Однако список съедобных растений и пригодных в пищу животных быстро рос. Человек, затерявшийся в лесу и имевший лишь одно огниво, вполне мог выжить, не испытывая мук голода.

Но что же тогда случилось с экипажем «Да Гама»?

В исчезновении первой экспедиции нельзя было винить природу Троаса — она была не более суровой, чем во многих обитаемых районах Земли. Сейчас, летом, дни были теплыми, а дожди — умеренно прохладными. Конечно же, зимой выпадет снег и настанет тридцатиградусная стужа, но землянам к такому не привыкать. Воздух вполне годился для дыхания, и даже низкое содержание углекислого газа почти не ощущалось. Освещение было, конечно, странным: то зеленым, то красным, то смешанным, с многочисленными оттенками, дающим сразу две тени, — но оно не могло вызвать у людей никаких эмоций и, тем более, психических расстройств. Порой встречались ядовитые растения, и несколько человек заработали сильную сыпь, когда попробовали их, но дважды в такую ловушку попался бы только болван. Вокруг царило непривычное для землян умиротворение, не было слышно ни шума машин, ни скрежета станков — только свист ветра, шелест дождя, раскаты грома, пение птиц и крики животных…

Лоренцен по нескольку часов в день проводил в своей маленькой обсерватории, пытаясь измерить периоды обращения планеты и главных небесных тел. Остальное время он помогал товарищам, играл с ними в шахматы, болтал на разнообразные темы или просто сидел в тихом уголке и читал. Это нельзя было назвать полным бездельем, но все же он чувствовал себя немного виноватым.

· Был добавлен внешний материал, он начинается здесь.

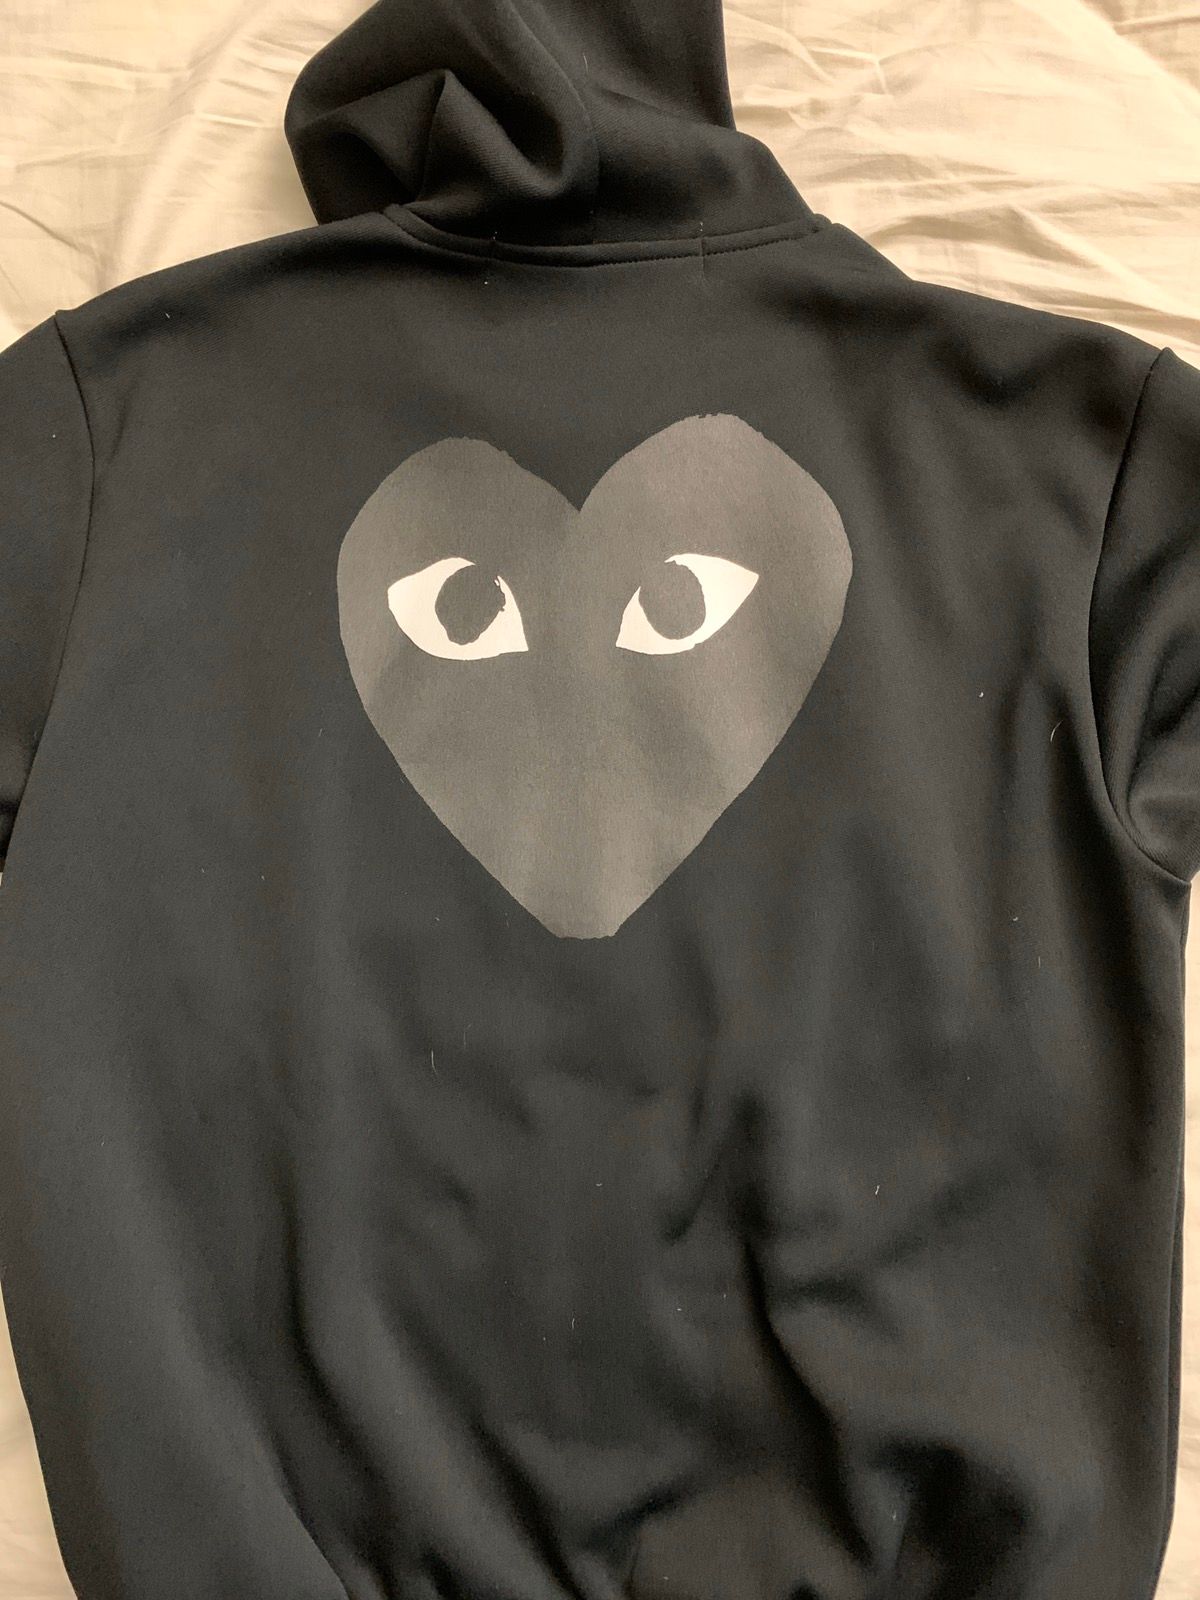 Comme Des Garcons Play CDG Play Black Heart Black Zip Up Hoodie Size US S / EU 44-46 / 1 - 4 Preview
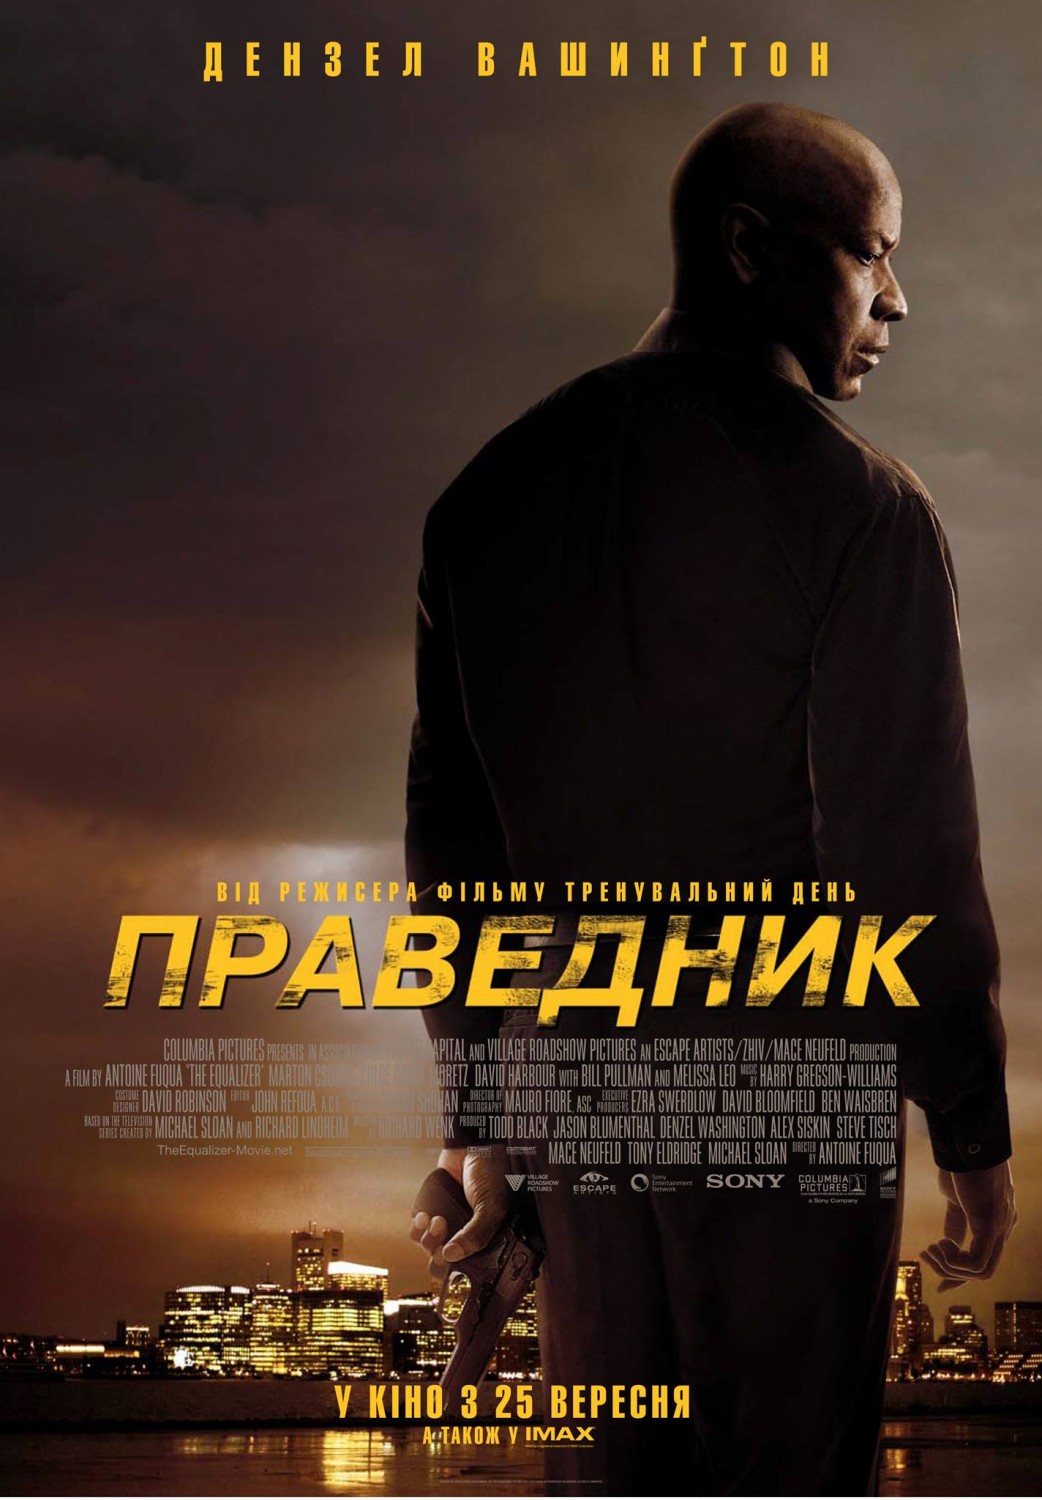 Extra Large Movie Poster Image for The Equalizer (#7 of 9)

Со времени высадки прошло двенадцать суток (на Троасе они составляли тридцать шесть часов). И однажды вблизи лагеря появились чужаки…

Глава 7

Появление аборигенов обнаружила одна из следящих видеокамер. В ее поле зрения попали фигуры каких-то существ, идущих в сторону лагеря. Сработала сирена, и воздух завибрировал от тревожного воя.

Первым спрыгнул с койки фон Остен. С криком «Либер готт!» он схватил автоматический пистолет и выбежал из домика. Остальные, одевшись с лихорадочной быстротой, поспешили занять места в заранее намеченных местах обороны.

Фон Остен прыгнул в траншею, опоясывающую лагерь, и поднес к глазам бинокль. Туземцев было… три… шесть… восемь. Они находились еще довольно далеко, так что трудно было разглядеть их фигуры.

Рейнджер достал интерком и хрипло произнес:

— Говорит фон Остен. Всем занять опорные точки обороны. Капитан Гамильтон слушает?

— Да. Я на корме первого челнока. Аборигены похожи на разумных существ?

— Кажется, да.

— Хорошо. Всем оставаться на огневых позициях, но стрелять только по моему сигналу. Это приказ. Слышите — стрелять только по моей команде!

— Даже если они нападут первыми? — возмущенно спросил фон Остен.

— Да, даже тогда.

Сирена продолжала завывать. Тревога, общая тревога!